Overnight highlights: As of 6:00 a.m. CT, corn futures are fractionally to 3 cents higher in all but the July contract which is 7 cents higher, soybeans are 1 to 3 cents higher in old-crop contracts and 6 to 8 cents higher in new-crop contracts, while wheat futures are 4 to 10 cents higher. The firmer tone should carry through to the reopening of trade at 8:30 a.m. CT, though bulls may struggle to keep the upper hand for the entire day session given a lack of crop concerns and building wheat harvest. Cattle futures are expected to open steady to firmer, while hogs are called steady to weaker this morning.
* Crop progress/condition data -- the good, the bad and the ugly. As of Sunday, USDA said 4% of the U.S. soybean crop was not yet planted (3.11 million acres based on last Friday's Acreage Report) and 9% of the crop had yet to emerge (7 million acres). In Iowa and Minnesota (the No. 1 and No. 3 production states, respectively), there were still roughly 660,000 acres left to plant (380,000 in Iowa and 280,000 in Minnesota) and around 1.5 million acres (1.05 million in Iowa and 500,000 in Minnesota) yet to emerge. On the flip side, USDA rates 67% of the soybean crop as "good" to "excellent" (up 2 percentage points from last week) and only 7% "poor" to "very poor" (unchanged). When those numbers are plugged into the weighted Pro Farmer Crop Condition Index (0 to 500 point scale), the soybean crop improved 3 points to 367. For corn, only 3% of the crop is silking, which is 6 percentage points behind the five-year average. Not surprisingly, silking has not yet started or is just underway across the Corn Belt. As for corn conditions, USDA rates 67% "good" to "excellent" and only 8% "poor" to "very poor." When plugged into the Pro Farmer Crop Condition Index, the corn crop improved 3 points from week-ago to 373.

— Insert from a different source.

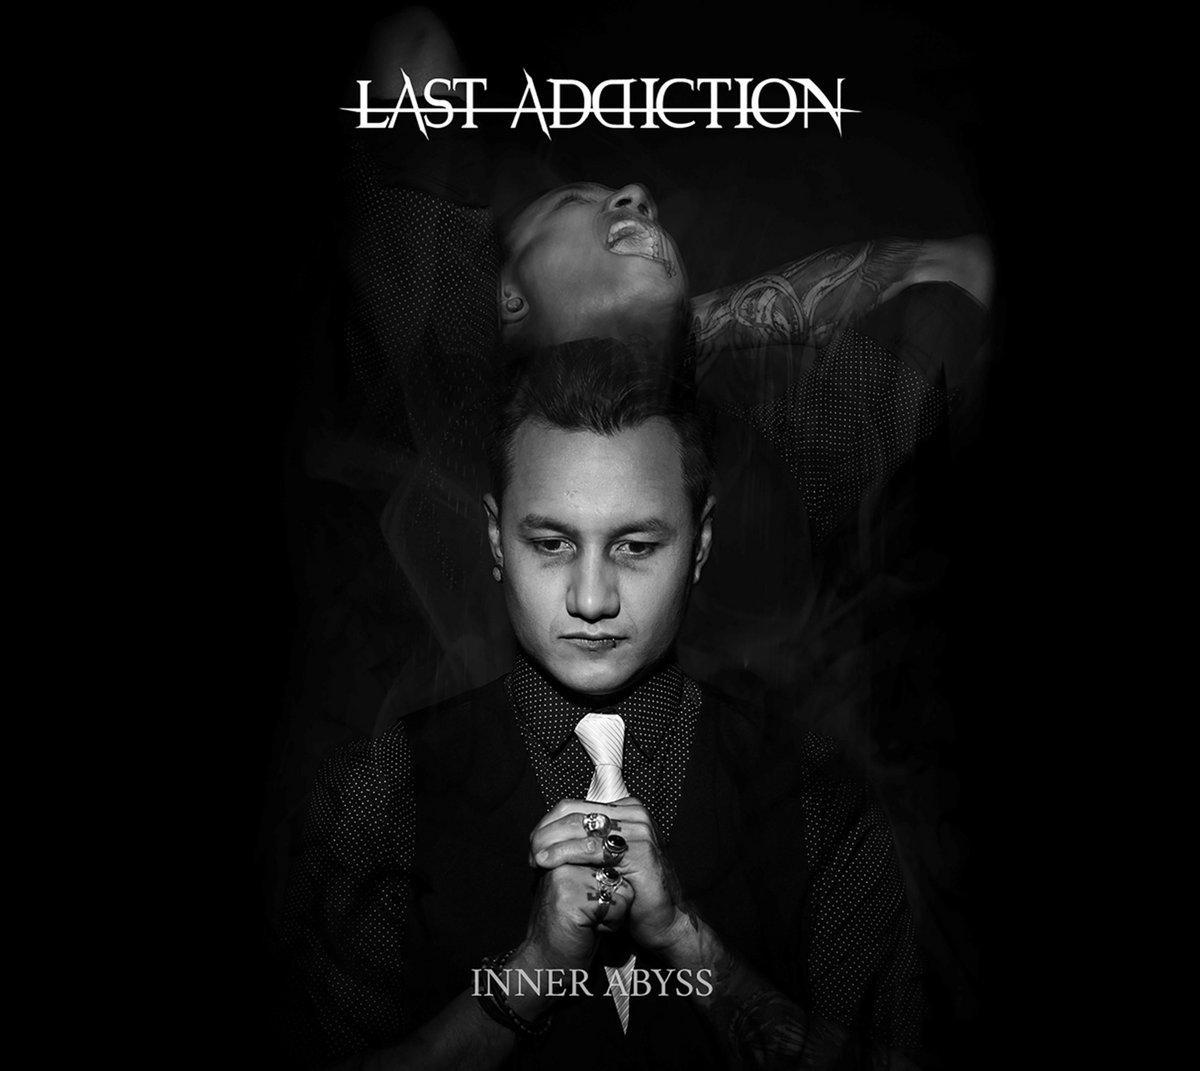 Chronique d'album : LAST ADDICTION (Metal),
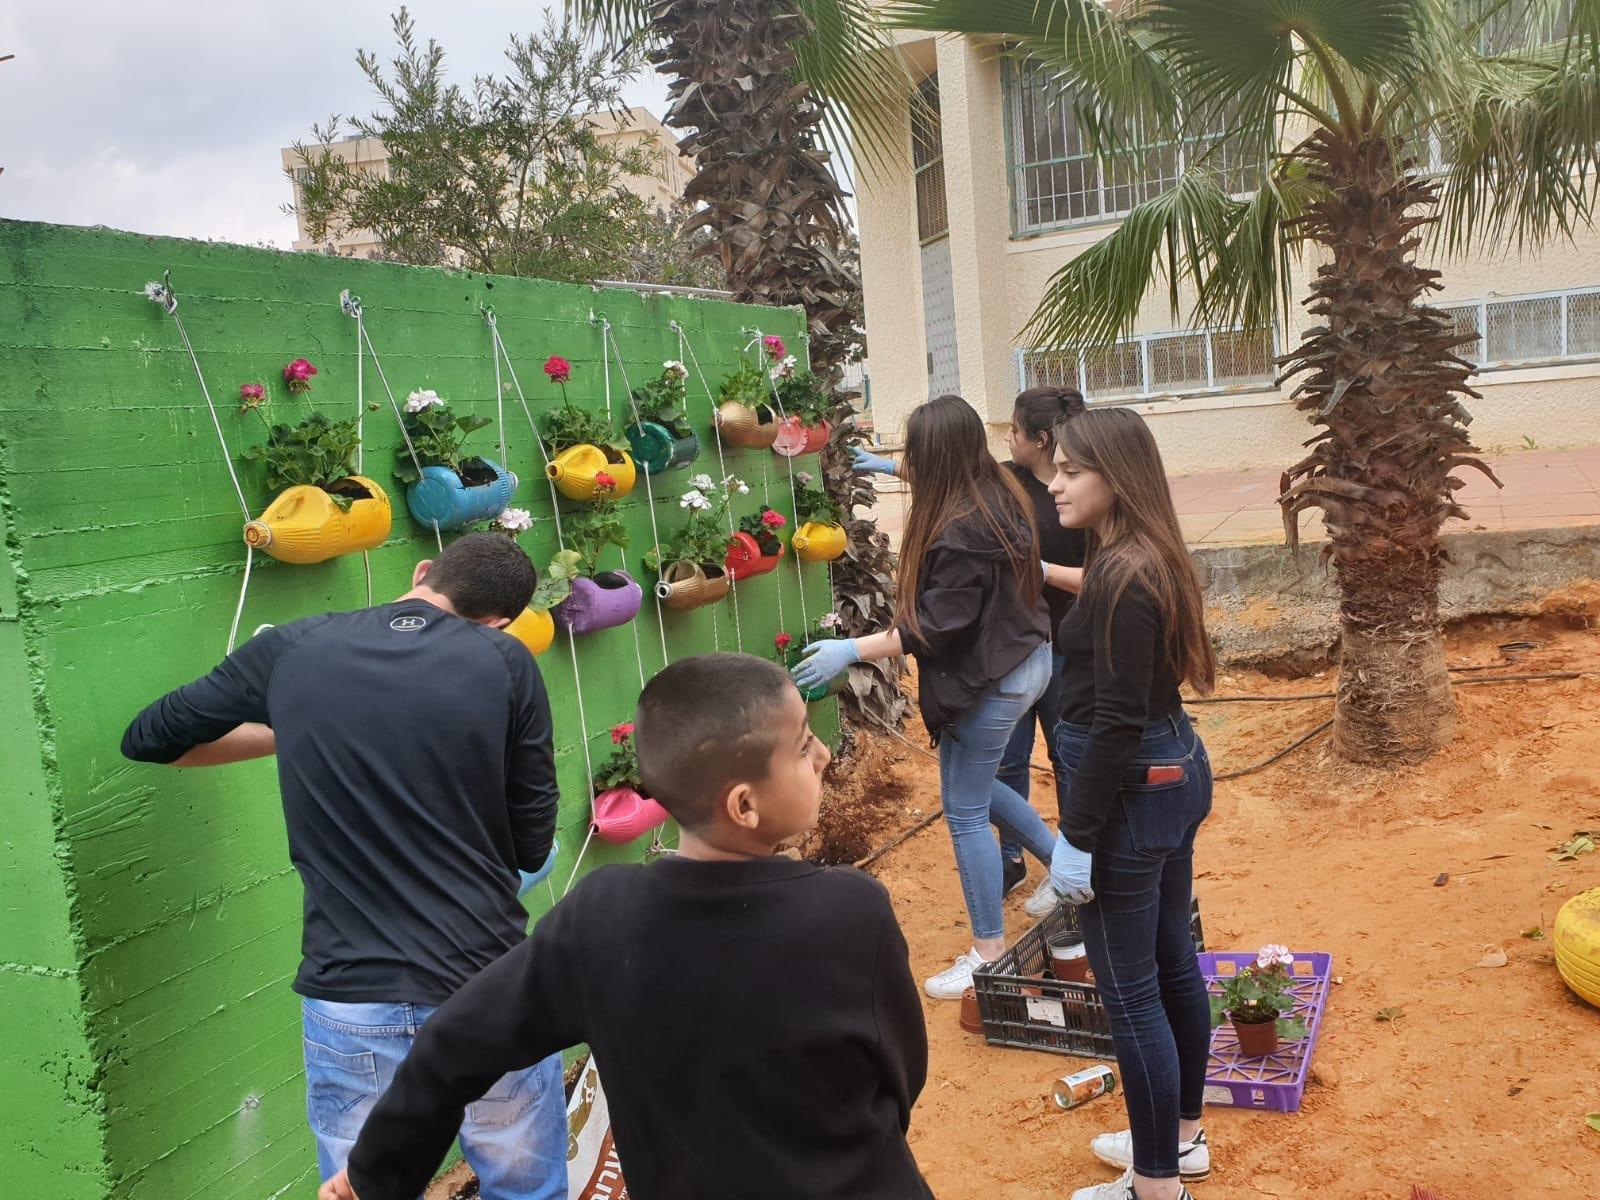 طالبات المعهد الأكاديمي العربي للتربية في بيت بيرل يحصلن على جائزة مجلس التعليم العالي في مجال التطوّع المجتمعي البيئي

The long and short of it: For now, the good (crop condition ratings) are outweighing the bad and the ugly (planting delays and slowed crop development) as traders feel weather conditions are favorable and improving.
* Crop problems being masked. There are holes in this year's corn and soybean crops throughout Iowa, southern Minnesota and northern Missouri. But as crops are growing, those holes are being masked. They still exist, it just doesn't appear they are still there -- at least as badly as before. The combination of the holes being masked and the non-threatening weather forecast will make it hard to convince traders there is much wrong with this year's crops. In fact, I get a sense traders feel those of us in the poorer areas are trying to "talk down" crops to push prices higher. If crop condition ratings continue to improve, it will become harder to convince traders of crop problems
The long and short of it: Unless there's an extended period of extreme heat and dryness coming out of the Fourth of July, it's going to be hard to convince traders there are crop problems.
* Bulls defend $5 corn -- for now. December corn futures got within 1/2 cent of the psychological $5.00 level Monday and bounced and are firmer overnight. For now, bulls appear willing to defend this key level. Unless end-users aggressively buy corn on this price dip (South Korea bought 179,000 MT of Black Sea and Brazilian corn overnight) or fund selling dries up (they have sold 39,000 contracts -- 195 million bu. -- of corn the past two sessions), the corn market will struggle to find more than modest corrective buying short-term, as traders perceive weather conditions to be favorable -- and improving. It's hard to believe bears would get that close to testing $5.00 without giving it a shot at seeing how the market reacts below that level.
The long and short of it: Expect December corn futures to dip below $5.00 at some point soon, but I don't believe there's a lot of downside risk below that point as end-users (livestock, poultry and dairy producers, ethanol plants and exporters) should use this price pressure to get extended coverage for 2013-14.